Aziraphale simply can’t help it—he bursts out laughing. ‘You? You, of all creatures?’

The Angel’s hands droop, and there’s hesitation in his eyes. The same slight darkening of his brow that Aziraphale had noticed before.

Oh, get a hold of yourself, for Heaven’s sake.

‘I’m sorry,’ he says, taking a deep breath, wiping his eyes, ‘it’s just, if you only knew.’

After withdrawing his hands, the Angel fidgets with the fabric of his robe, his eyes lowered. ‘I see. I am not welcome here. I have displeased you.’ The way his voice drops, and the textured edge to it, like an uncut stone, and the ember-heat of it—

‘No, no,’ says Aziraphale and gets to his feet. He wants another chance to clasp those hands. Pathetic, weak, but then why should he be anything but? ‘No, you haven’t.’

‘It is because you are angry, then, at our siblings. You have not forgiven your punishment, and I remind you of their retributive actions.’

‘Yes!’ He’s relieved, thrilled really, that he doesn’t have to tell the truth, to explain anything. And surely it’s close enough to the truth, anyway. There’s an element of truth.

‘But they will not help you with the burden of your grief,’ says the Angel, meeting his eyes again, ‘while I desire to make an attempt.’

It sounds simple, neat, clean. Surely it could not be any more complex and thorny.

Aziraphale doesn’t want the Angel to leave, because of those glimpses, those remnants, that blasted hope-is-a-thing-with-feathers. And he doesn’t want to wound this lonely, naive being of pure light and harmony. Yet his body revolts and pours loathing out as sweat, stoking flames beneath a cauldron of nausea, putting his heart through its paces until he miracles it silent, but even then there’s a pounding pulse within him, a panic, begging him to make the Angel go away.
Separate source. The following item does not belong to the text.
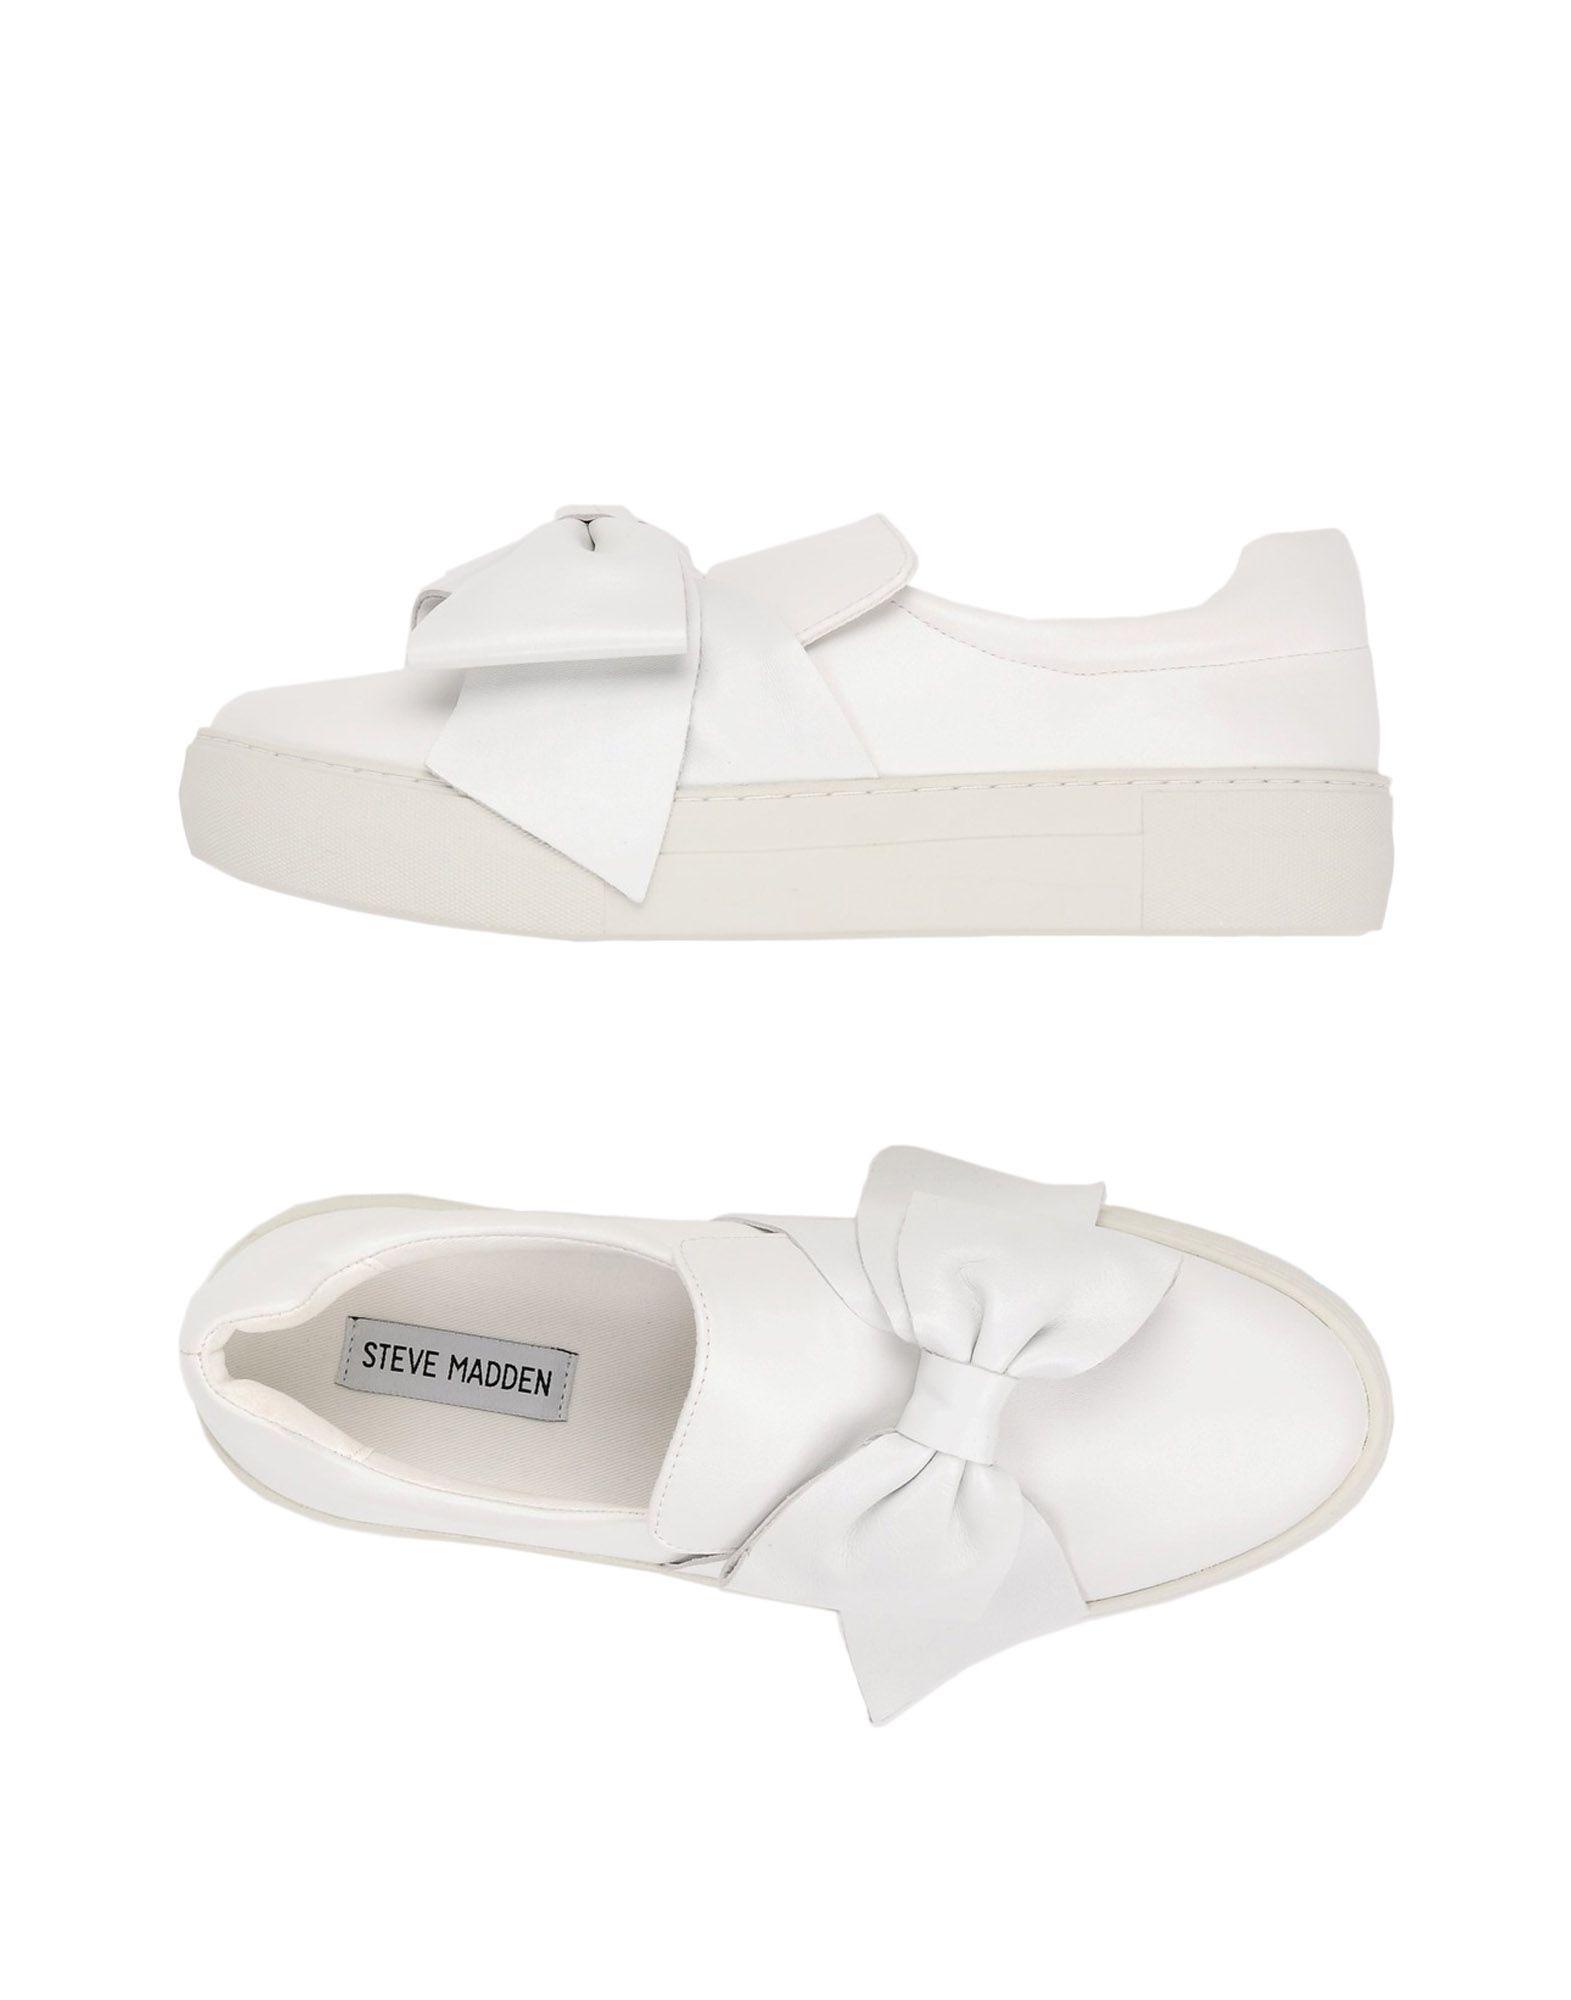 Sneakers Steve Madden Empire Slip On Sneaker - Donna - 11436247BS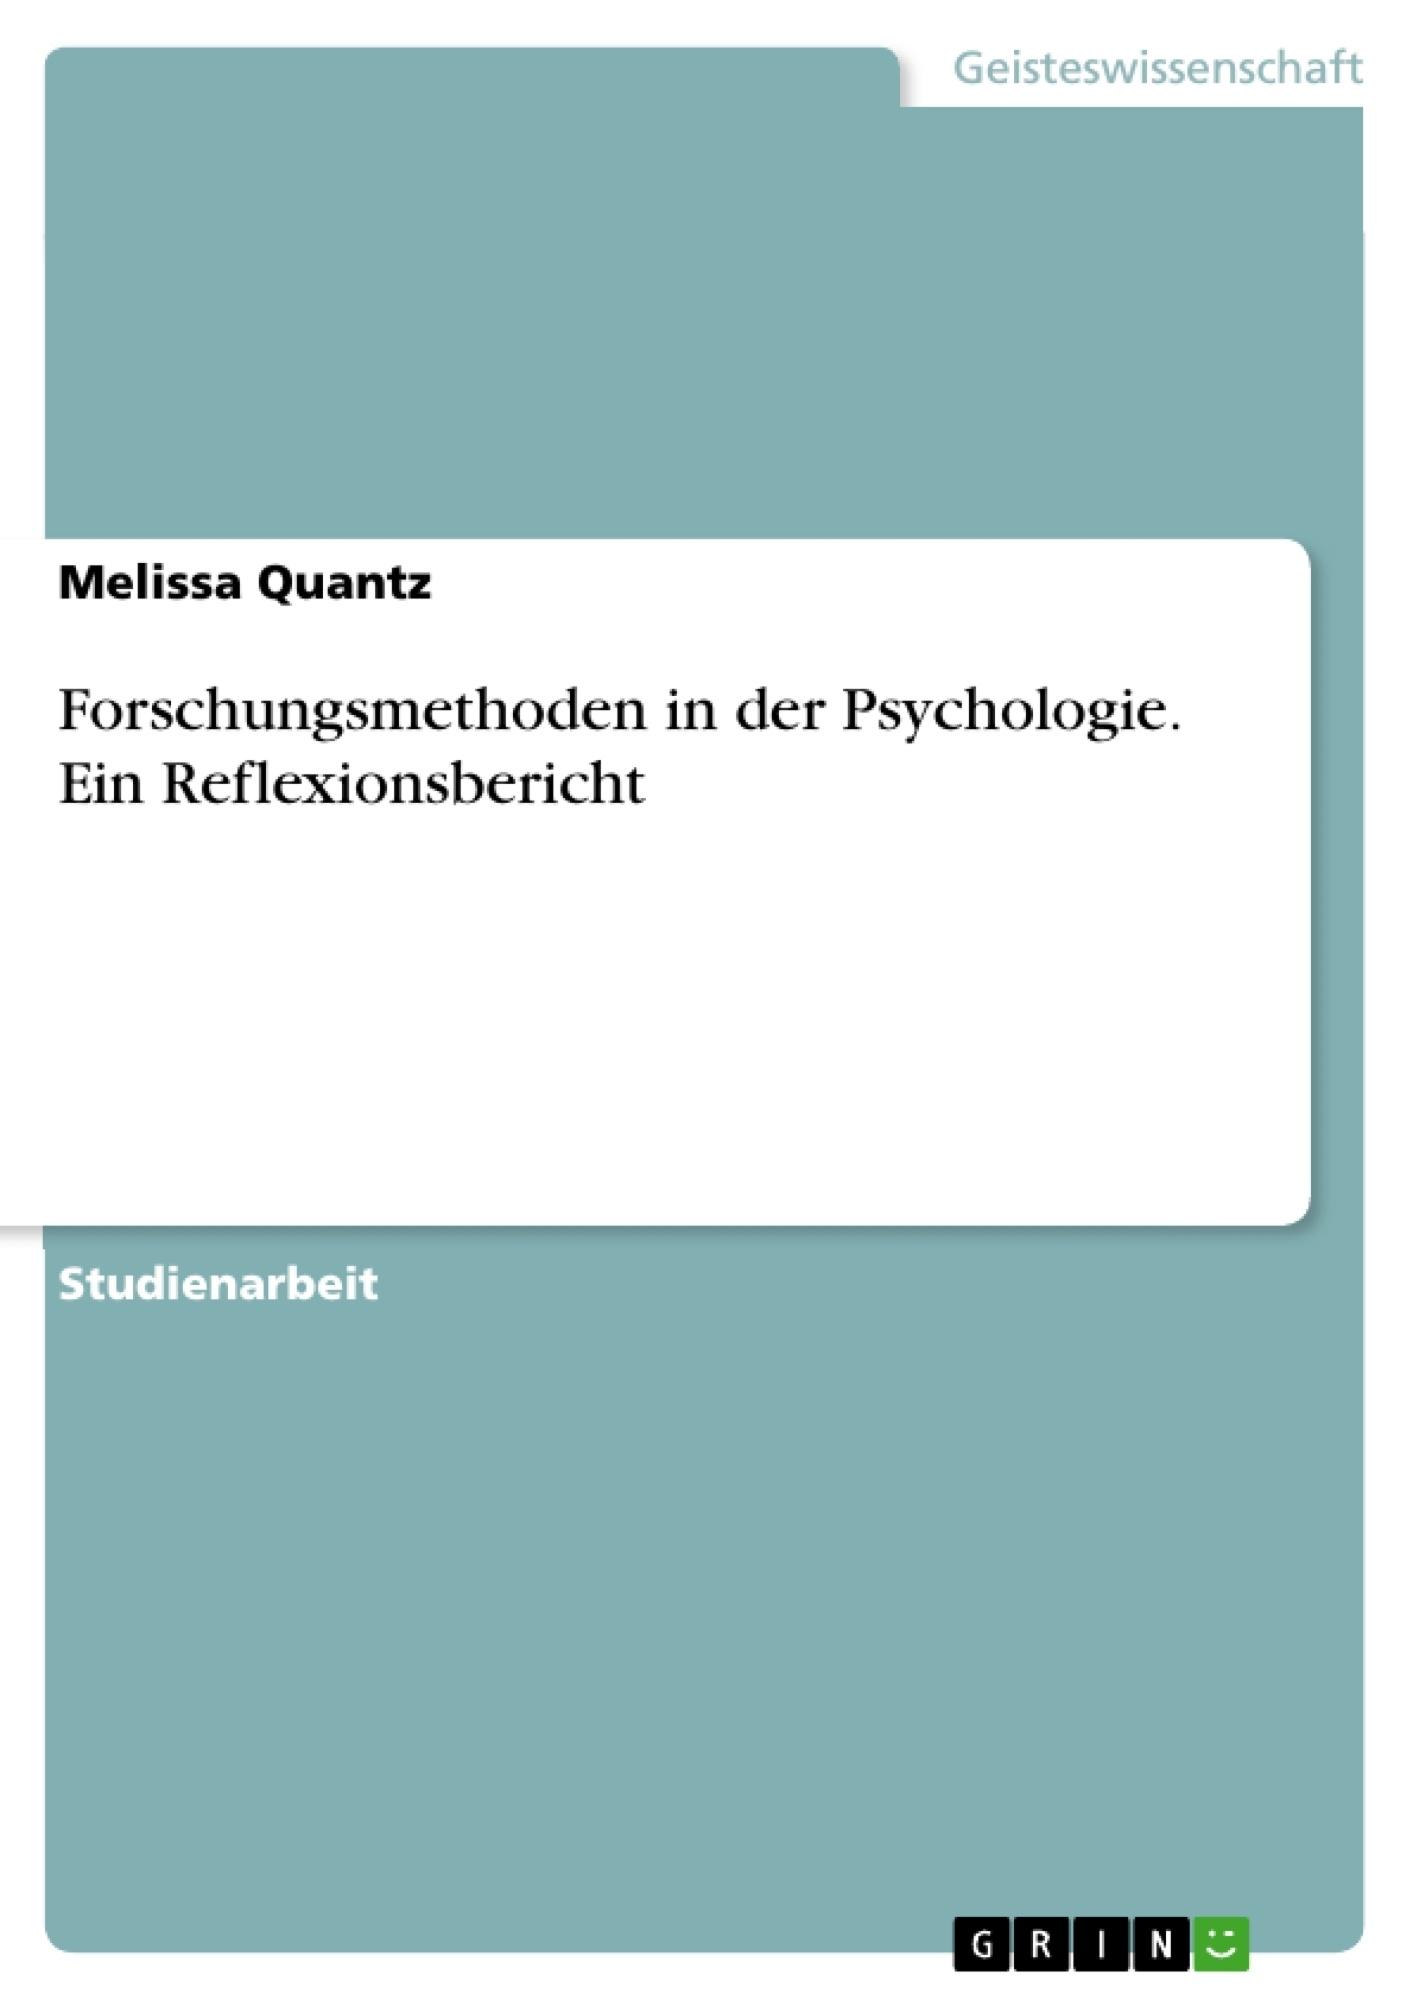 Titel: Forschungsmethoden in der Psychologie. Ein Reflexionsbericht

‘Please, give me the courtesy of a few days,’ he says. ‘Let me think it over.’

‘Very well,’ says the Angel, ‘three days,’ and is gone.

One diamond-white feather remains, drifting to caress the stark grey floor. When Aziraphale bends to pick it up, when he takes it in his numb fingers, his body is suffused with warmth and love and peace until, disgusted, he crushes the feather in his fist.

But then he settles it back on the ground, smooths it, strokes it, leaves it be. Sits cross-legged beside it, keeping vigil.

Sometime later, after the sun has risen, set and risen again, he runs the tip of his left index finger along the curved spine of the feather. He thinks of ink as it spreads through blotting paper, tendrils leaching, consuming, overwhelming. Now the feather is onyx with a hint of agate, the lustre of obsidian. Now it could be from Noah’s raven.

Aziraphale puts it in the breast pocket of his jacket.


As promised, the Angel returns on the third day. Aziraphale is sitting on the edge of the bed, a long black woollen coat clutched on his lap.

A few hours ago he removed it from the closet for the first time—he had only just begun to look through the piles of winter-wear at the back—and felt a rectangular lump in an inside pocket. It bent slightly in his grip, rustled faintly when he released it. Clearly a thin trade paperback, perhaps poetry or a novella. He could smell it through the wool and the cologne: poor-quality paper, glue, ink, all from about fifteen years ago. With his heart stilled, his eyes closed, he laid the coat on the bed and slid trembling fingers across the merlot-red silk lining, rubbed his thumb along the opening of the pocket, gentle, before he stooped over the coat, holding the collar to his face, breathing in, pressing his forehead to the soft wool. He sat on the bed and pulled the coat into his arms, cradling it to his chest.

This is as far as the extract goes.